Das Radfahren, das muss ich ehrlich zugeben, hatte bei den Schnalsern lange nicht den besten Ruf. Die Wege hier oben sind schmal, das Gelände ist alpin und dementsprechend anstrengend ist ein Ausritt auf dem Drahtesel hier oben. Und obwohl Fahrräder schon vor 200 Jahren erfunden wurden, sind sie bei mir heroben noch nicht allzu lange ein gewöhnlicher Anblick.
Sagen wir es so und nehmen wir die narrischen Rennradfahrer mal aus, die unsere kurvige Schnalserstraße lieben: Das Schnalstal ist keine weltberühmte Bikeregion. Wer ausgebaute Trails und Technikparcours braucht, fährt besser nach Naturns oder Latsch. Aber dann kam das „E“ im Bike. Und die Anna. Genau: Meine Rezeptionistin Anna, waschechte Schnalserin, Cousine der Hofleute, Mama von zwei Kindern. Und: Leidenschaftliche E-Mountainbikerin. Die sagt: E-MTB und das Schnalstal, das passt sogar richtig gut!

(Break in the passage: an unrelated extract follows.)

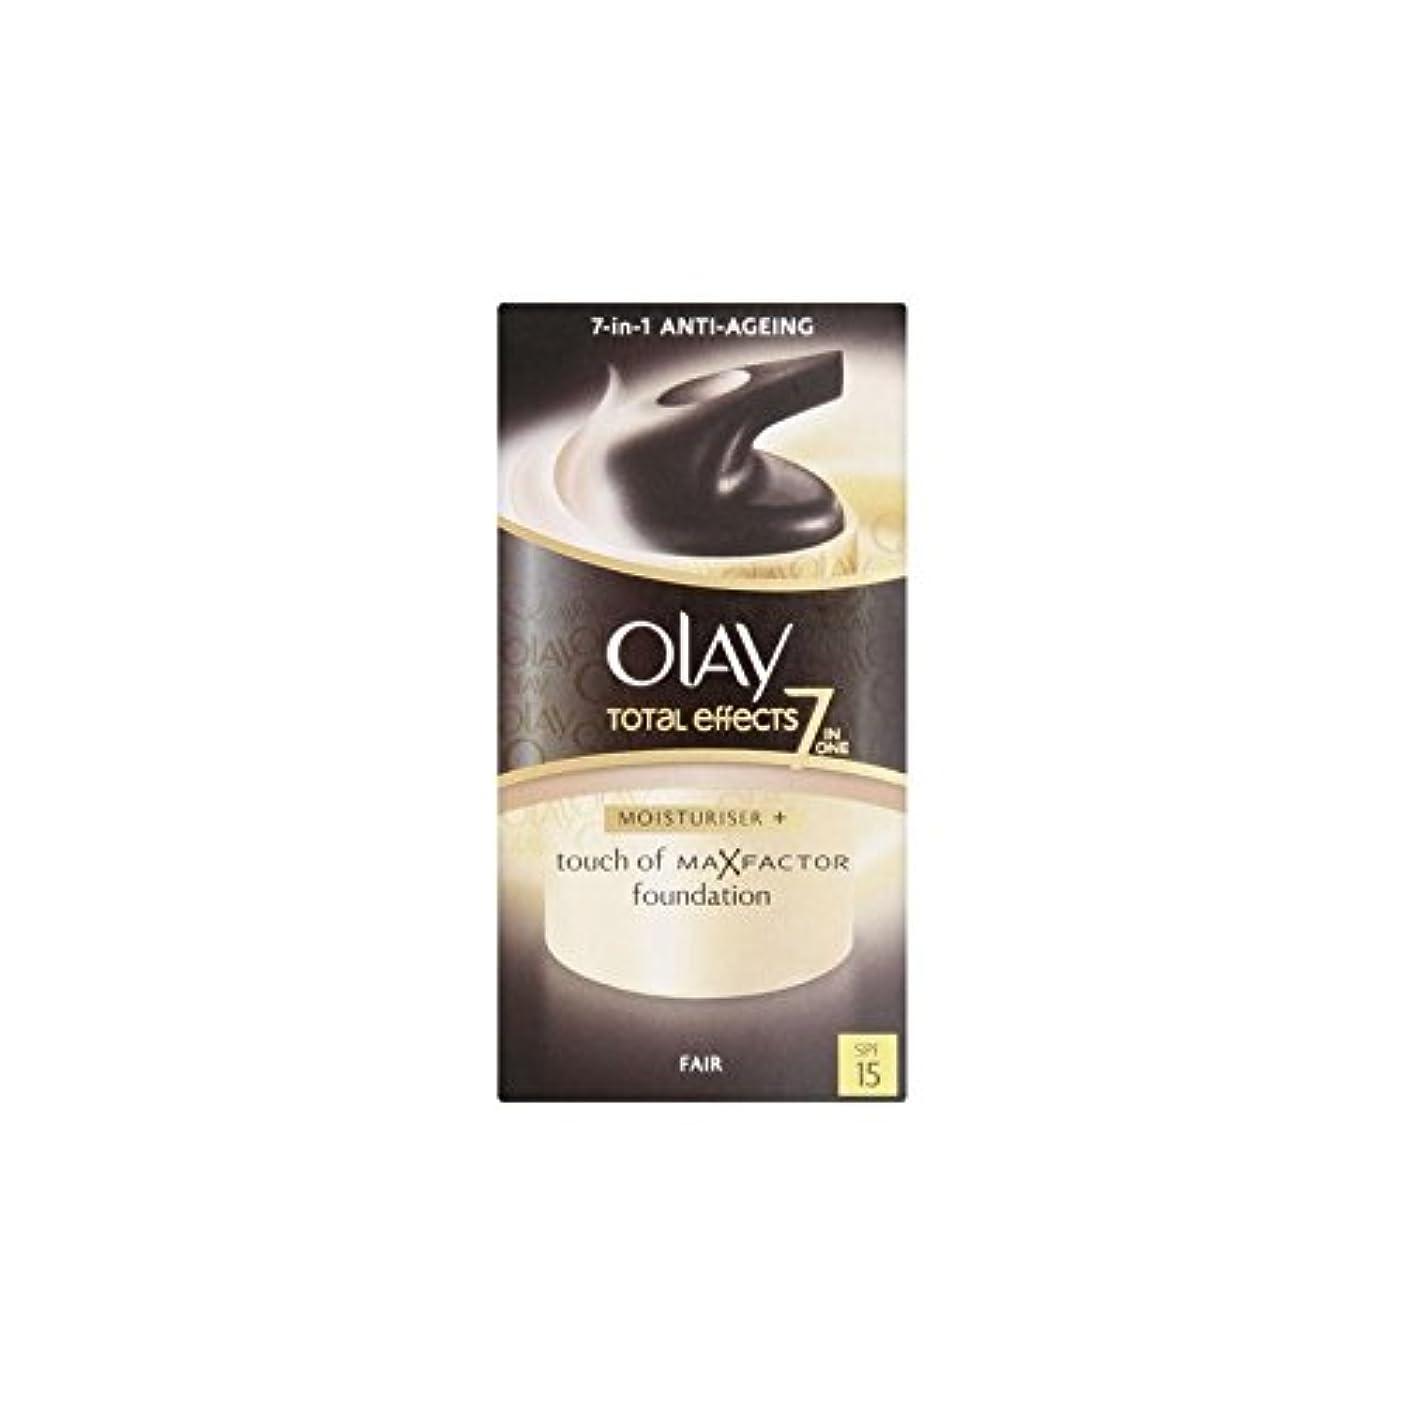 バルブヒゲ研磨オーレイトータルエフェクト保湿クリーム15 - フェア(50ミリリットル) x2 - Olay Total Effects Moisturiser Bb Cream Spf15 - Fair (50ml) (Pack of...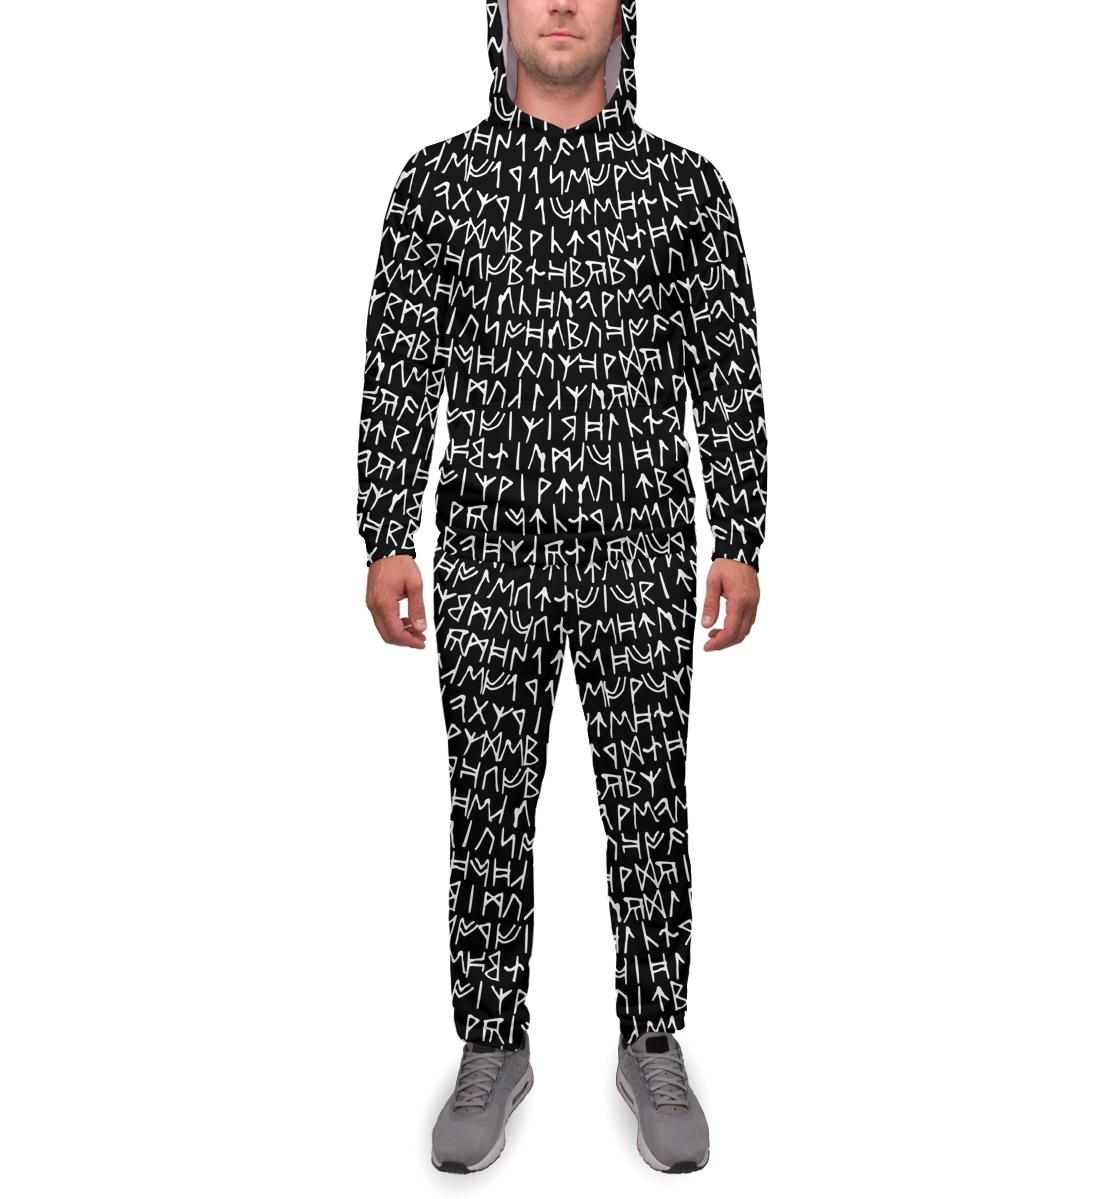 Спортивный костюм Руны (243990)

Annas Lieblingstouren: Mit dem E-MTB unterwegs im Schnalstal
Mit dem E-MTB, sagt Anna, ist hier oben mehr möglich, als die meisten denken. Für ganz Sportliche geht's auch ohne Motor, aber dann braucht's schon Schmalz in den Wadln (= Kraft in den Beinen). So oder so, hier sind drei von Annas Lieblingsstrecken:
Das Pfossental ist ein Paradies für Mountainbiker. Das steile Hochtal bietet alles: Von der gemütlichen Almentour bis zur anspruchsvollen Tour übers Eisjöchl, bei der auch mal Schiebepassagen dabei sind. Wer oben ankommt, wird belohnt. Mit Stille, mit Weite, mit dem Gefühl, ganz weit weg zu sein von allem.
Die Lazaunhütte ist Annas Geheimtipp. Am Abend, geht's über die Forststraße hoch bis zur Hütte. Ruhig ist es dann, abgeschieden, und die Abendstimmung da oben, sagt Anna, ist unbezahlbar.
Die Klosteralm verlangt einiges an Kondition. Der Forstweg hat eine hohe Steigung, aber die Aussicht lohnt sich. Oben gibt's eine Einkehrmöglichkeit, und von da aus könnt ihr weiter zum Saxalbsee oder zur Kreuzspitze.
Weitere Touren, die Anna empfiehlt: Die Moaralm von Katharinaberg aus, die älteste Hochalm im Tiroler Raum. Die Penaudalm mit ihrer Abgeschiedenheit, durch Bergwälder und über weite Almmatten. Die Mastaunalm und die Lafetzalm, beide durch schöne Lärchenwälder mit Aussicht und Einkehrmöglichkeiten.
Praktisches: Verleih und Ausrüstung
Wer kein eigenes Rad dabei hat, leiht sich eines aus. Im Tal gibt es zwei Verleihe: Die Skifactory Maso Corto und den Sportservice Erwin Stricker. Beide liefern euch das ausgeliehene Rad auf Wunsch direkt bis ins Hotel und holen es nach dem Urlaub wieder ab. Bequemer geht's nicht.
Also, lohnt sich Radfahren im Schnalstal? Ja! Vorausgesetzt, die Anna vom Oberraindlhof hat euch vorher einen ihrer Geheimtipps verraten.